Diddy Kong Racing DS doesn't do what Mario Kart DS does and it doesn't not do it very well either.

User Rating: 6 | Diddy Kong Racing DS DS
As a kid Diddy Kong Racing was that Nintendo 64 game that your mom simply would not buy because you already had Mario Kart 64 and Nintendo 64 games were like $70. I always longed to own DK Racing, with its planes and hover crafts, and I could not imagine what could possibly suck about the experience.

Well, this could suck. At its core, DKR is a solid racing game that has little gameplay flaws, the only problems come from the game built around those game mechanics. The overworld structure is clumsy and most of the tracks are very boring. Traveling from race to race seems pointless and tacked on. You drive to an area simply to be given what is essentially a race menu lobby. You race in races that have preset vehicles. You compete with a cart, plane or hover craft. In story mode you cannot switch between the types of vehicles for the vehicle specific races, which is all of them. IE, not planes vs carts, only karts vs karts and planes vs planes. Once you beat a track you get to replay it as a touch screen mini-game, collecting balloons and coins. The coins are used to level up your kart, hover craft and plane.

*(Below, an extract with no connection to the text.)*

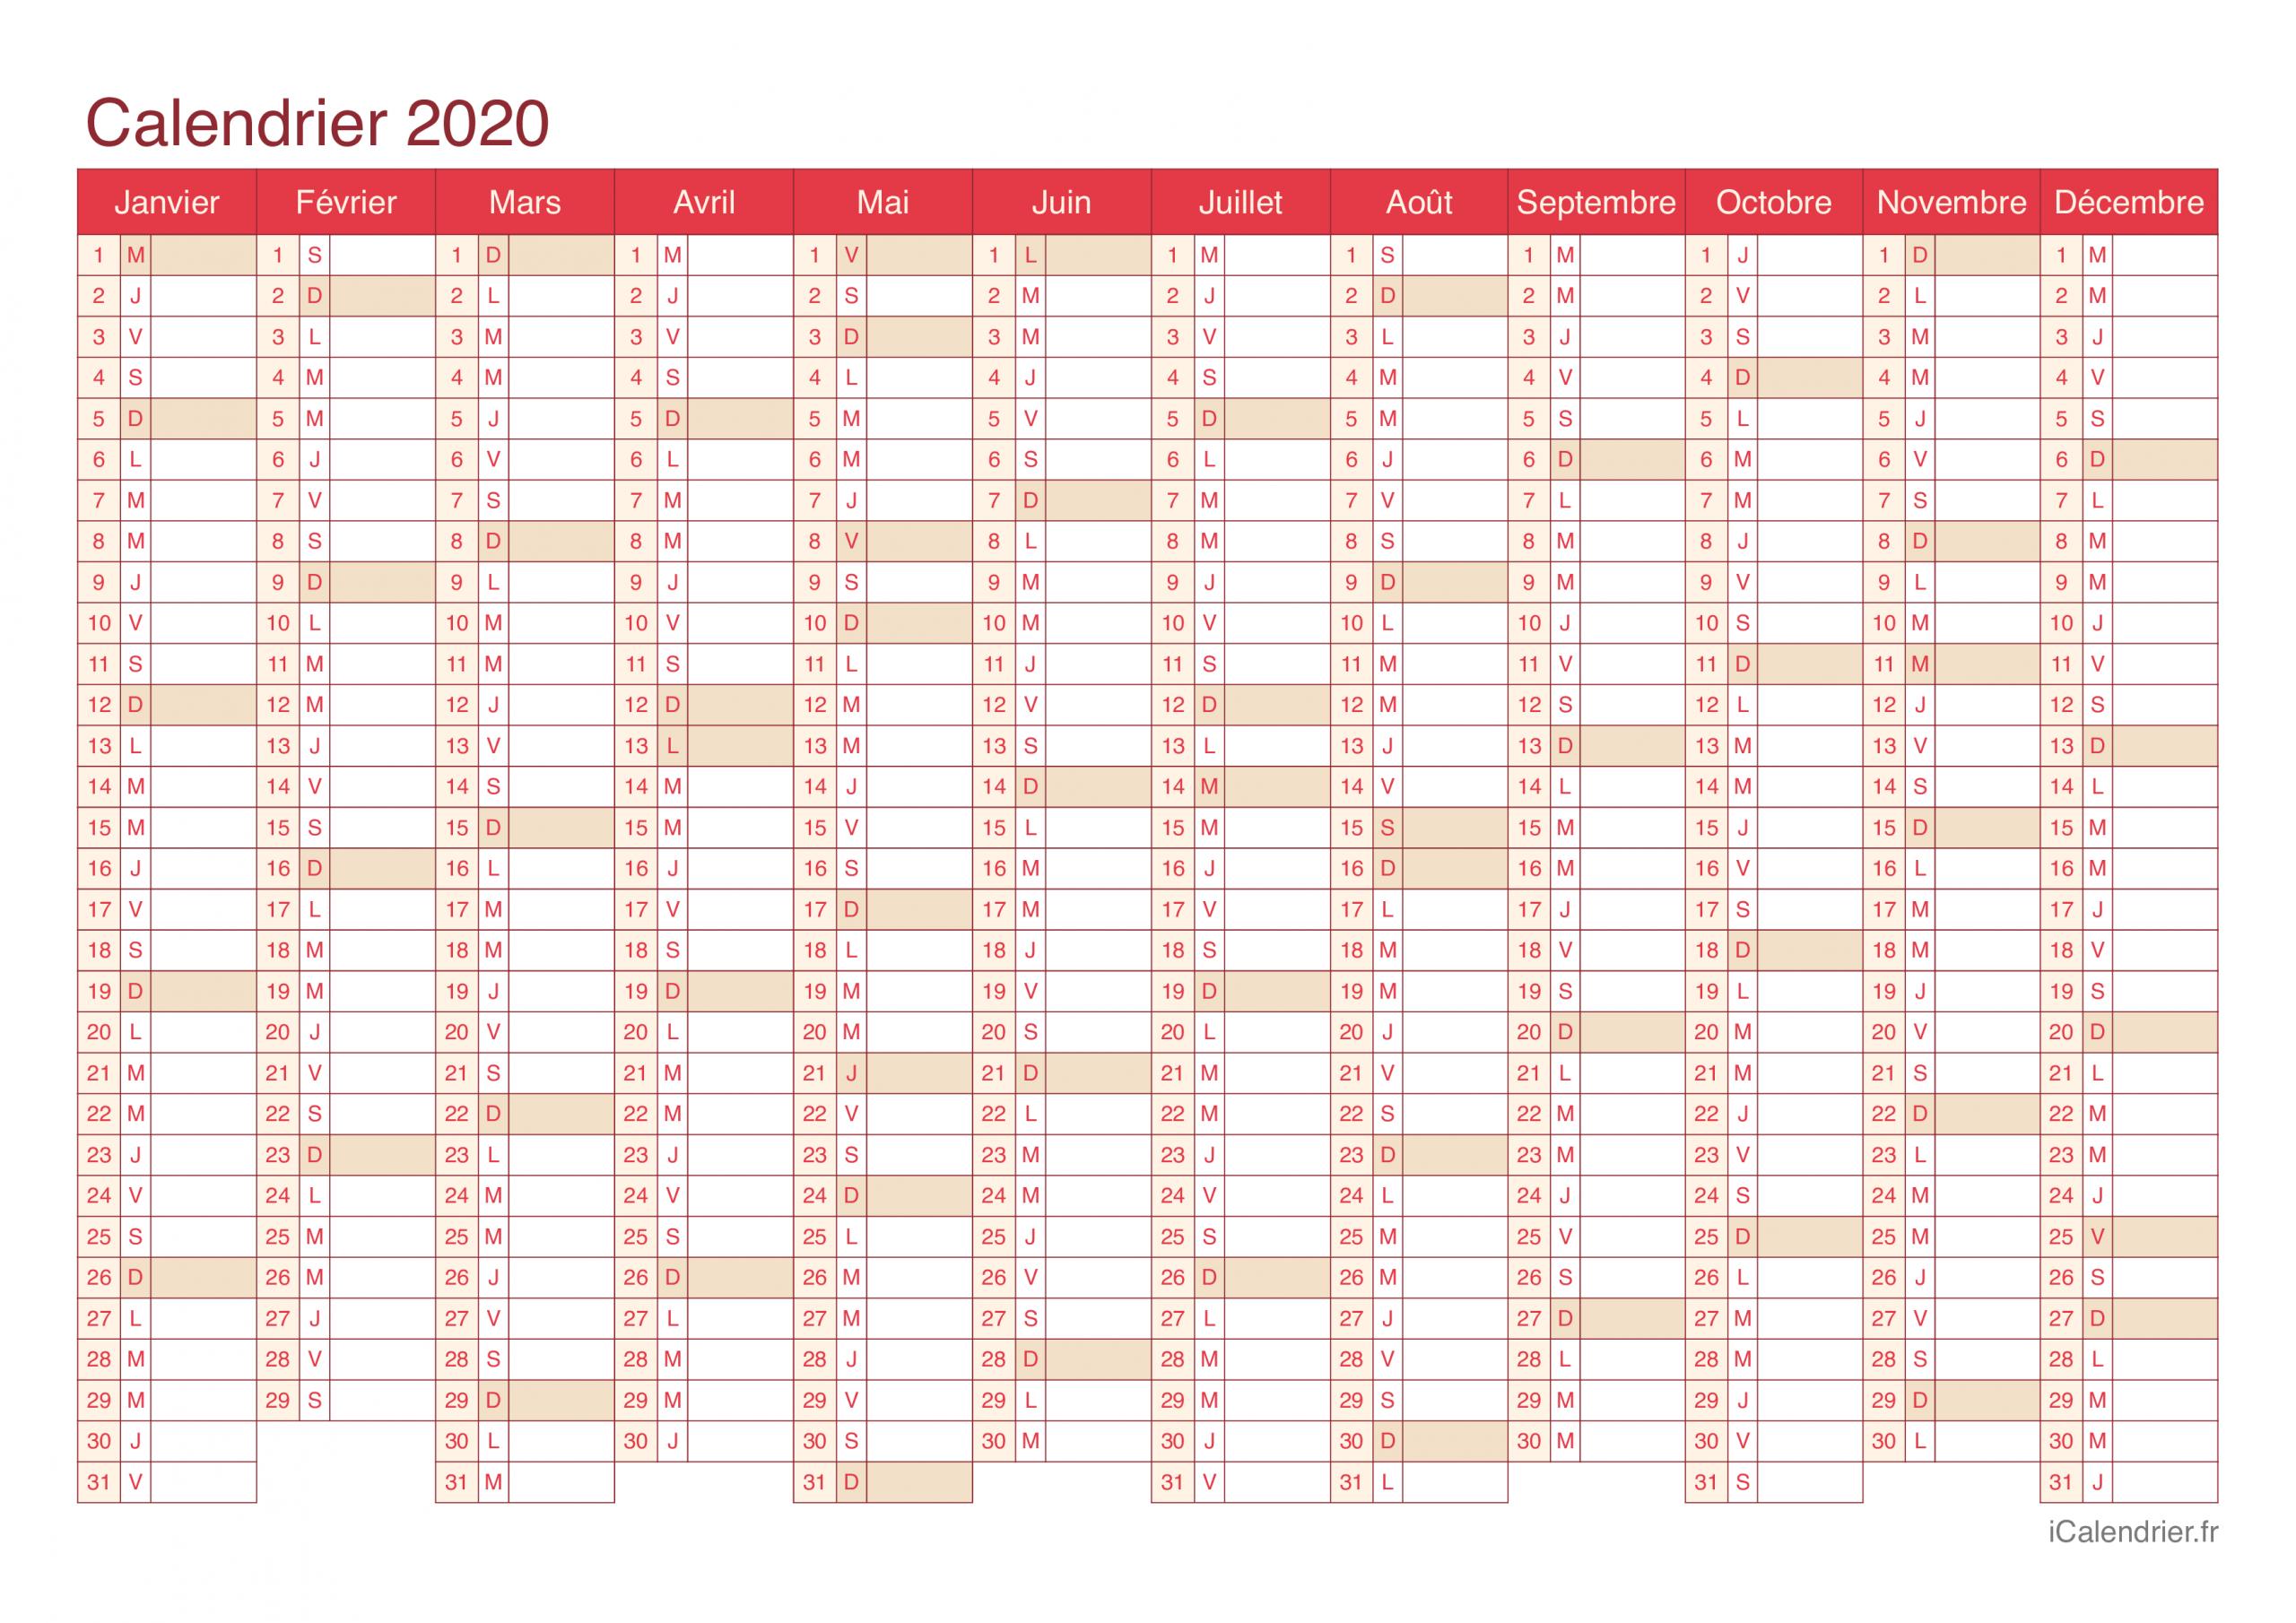 Calendrier 2020 À Imprimer Pdf Et Excel - Icalendrier encequiconcerne Calendrier Annuel 2018 À Imprimer Gratuit

Here is where Diddy loses me. It is not made abundantly clear that to beat the second and third tier levels you HAVE to upgrade your vehicle. I found this out the hard way. Also, the amount of coins that it takes to achieve many/most of the upgrades is insane for the amount of time you will put into the single player mode. I don't see how Rare expects players to obtain hundreds of coins per vehicle to get certain upgrades. On top of that, you don't get the the coins that you collect in a race unless you actually WIN the race. I found myself just replaying the first 4 levels over and over again to to get enough coins to level up my vehicles.

The lack of more true Donkey Kong characters, Banjo or Conker, really makes the character line up dull. Not to mention the way the skill sets are made up, there are some characters with reason to ever be picked. Finally, and I know this will sound stupid, but DKR feels like you are playing a Nintendo 64 game. Mario Kart DS doesn't FEEL like a N64 game, it feels like a DS game. Maybe a graphical update or texture reworking would have fixed this, but overall it just feels old.

If you have Mario Kart DS, stick with it. DKR shows some interesting ideas in the upgrade areas and its fun to fly around in the plane, but you will find yourself drifting back to the wonderful and nearly flawless Mario Kart DS when done with DKR.

As a child I would have probably loved DKR, but I can see its faults now and wish that it had been tweaked a bit more before release.